Bevolkingsonderzoek

Alle ouders van pasgeboren baby’s in Vlaanderen kunnen bij hun kindje vanaf 48 tot en met 96 uur na de geboorte een bloedstaal laten afnemen waarin 18 aangeboren aandoeningen worden opgespoord. Dit bloedstaal wordt afgenomen met een prikje in de rug van de hand van de baby. Vroeger gebeurde het prikje in de hiel, en daardoor wordt dit bevolkingsonderzoek nog vaak “de hielprik” genoemd.

Deze 18 aandoeningen zijn zeldzaam maar ernstig. Dankzij tijdige opsporing via de hielprik kunnen we schade aan de gezondheid door deze aandoeningen voorkomen of beperken.

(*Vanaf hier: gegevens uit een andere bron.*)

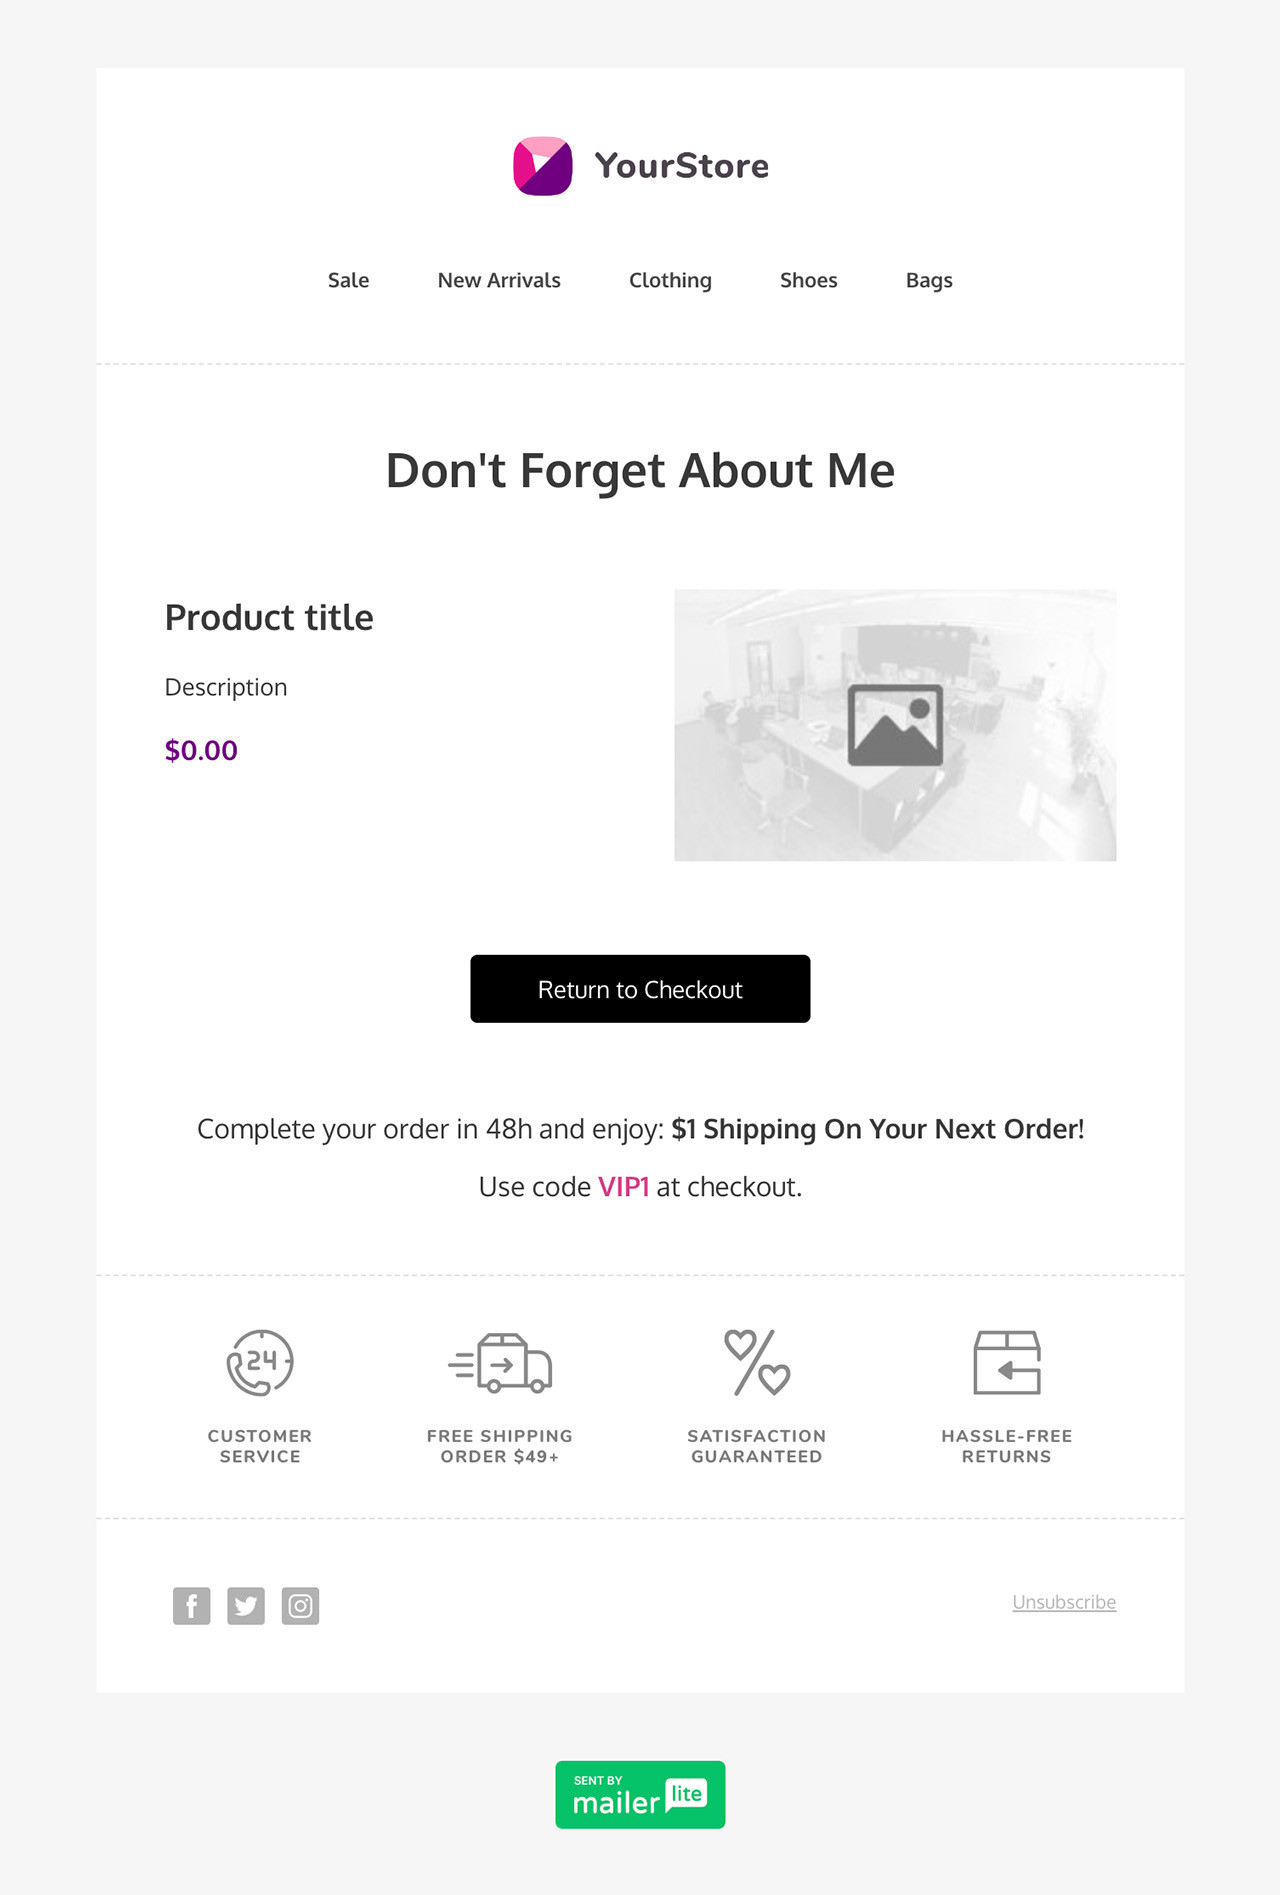 Single product abandoned cart template - Made by MailerLite
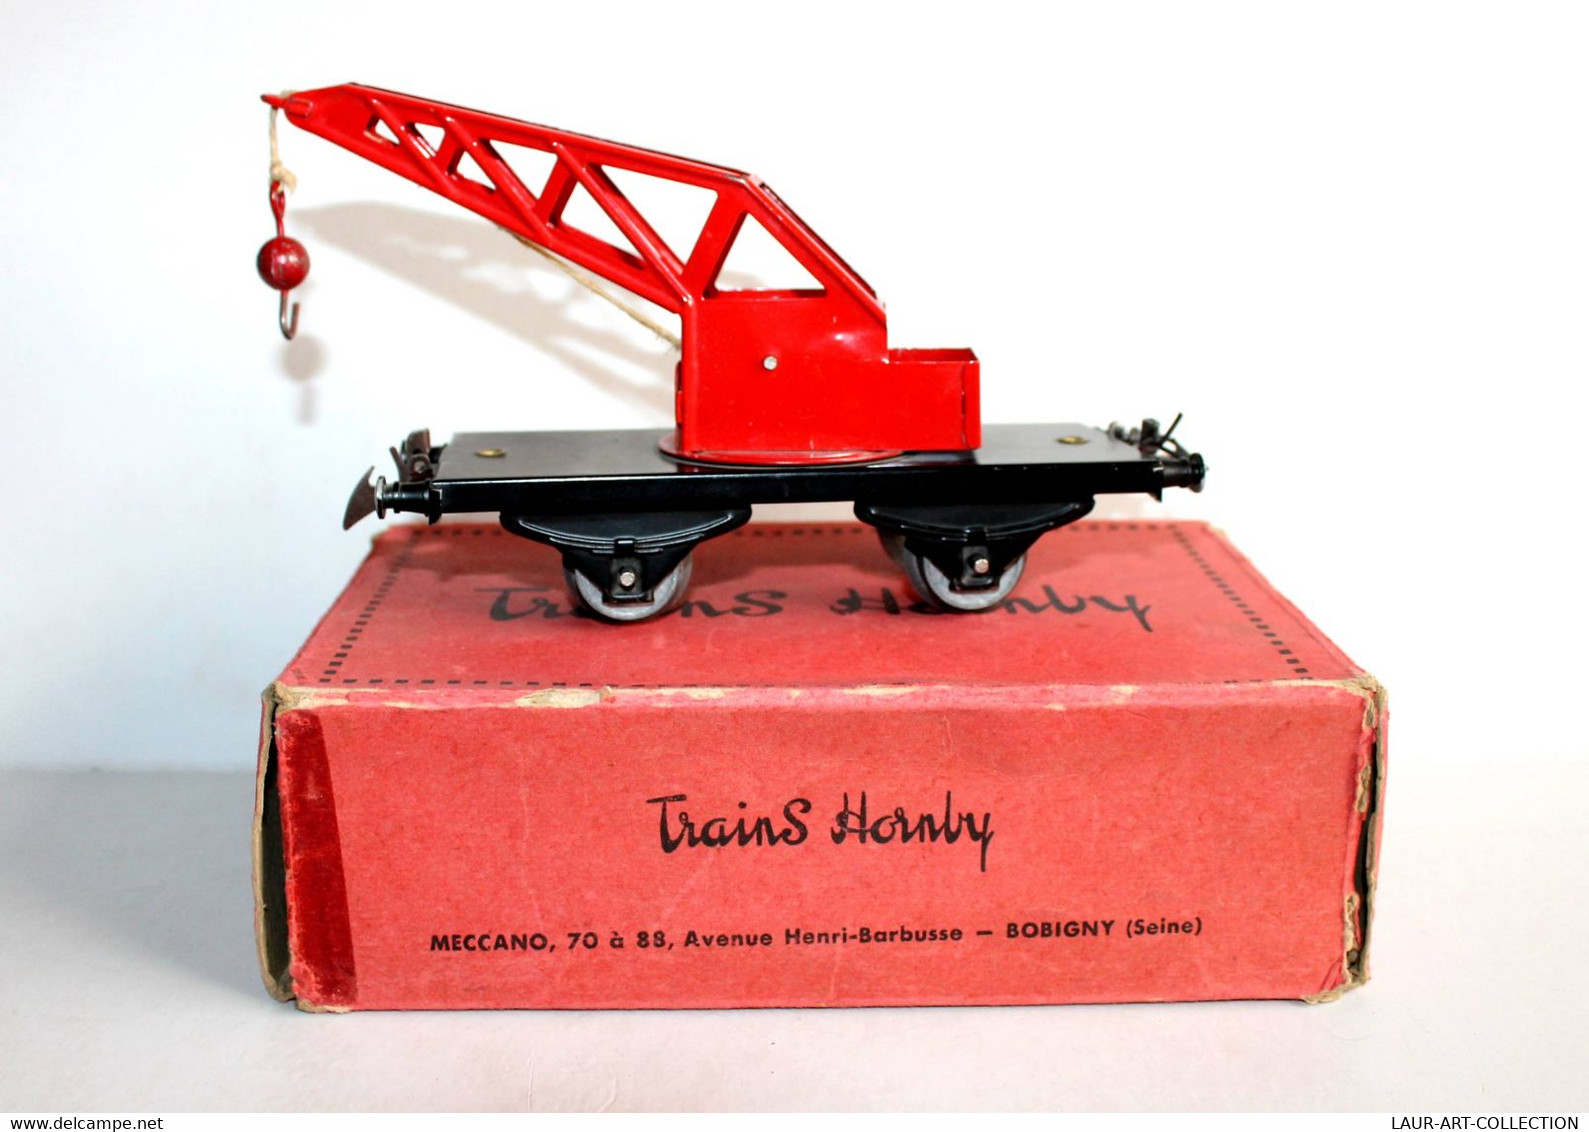 HORNBY - WAGON GRUE N°1 TREUIL, A POULIE PALAN LEVAGE, A ESSIEUX ECH:O MINIATURE - MODELISME FERROVIAIRE (2811.48) - Goods Waggons (wagons)

Meedoen is niet verplicht, maar wordt sterk aanbevolen. De analyse van het bloedstaal wordt door de overheid betaald. De analyse is dus gratis voor de ouders.

Dit bevolkingsonderzoek maakt deel uit van het algemeen Vlaams beleid voor bevolkingsonderzoek en preventie. Wil je daar meer over weten? Neem dan een kijkje op deze pagina van de website van het Agentschap Zorg en Gezondheid.

Waarom deelnemen?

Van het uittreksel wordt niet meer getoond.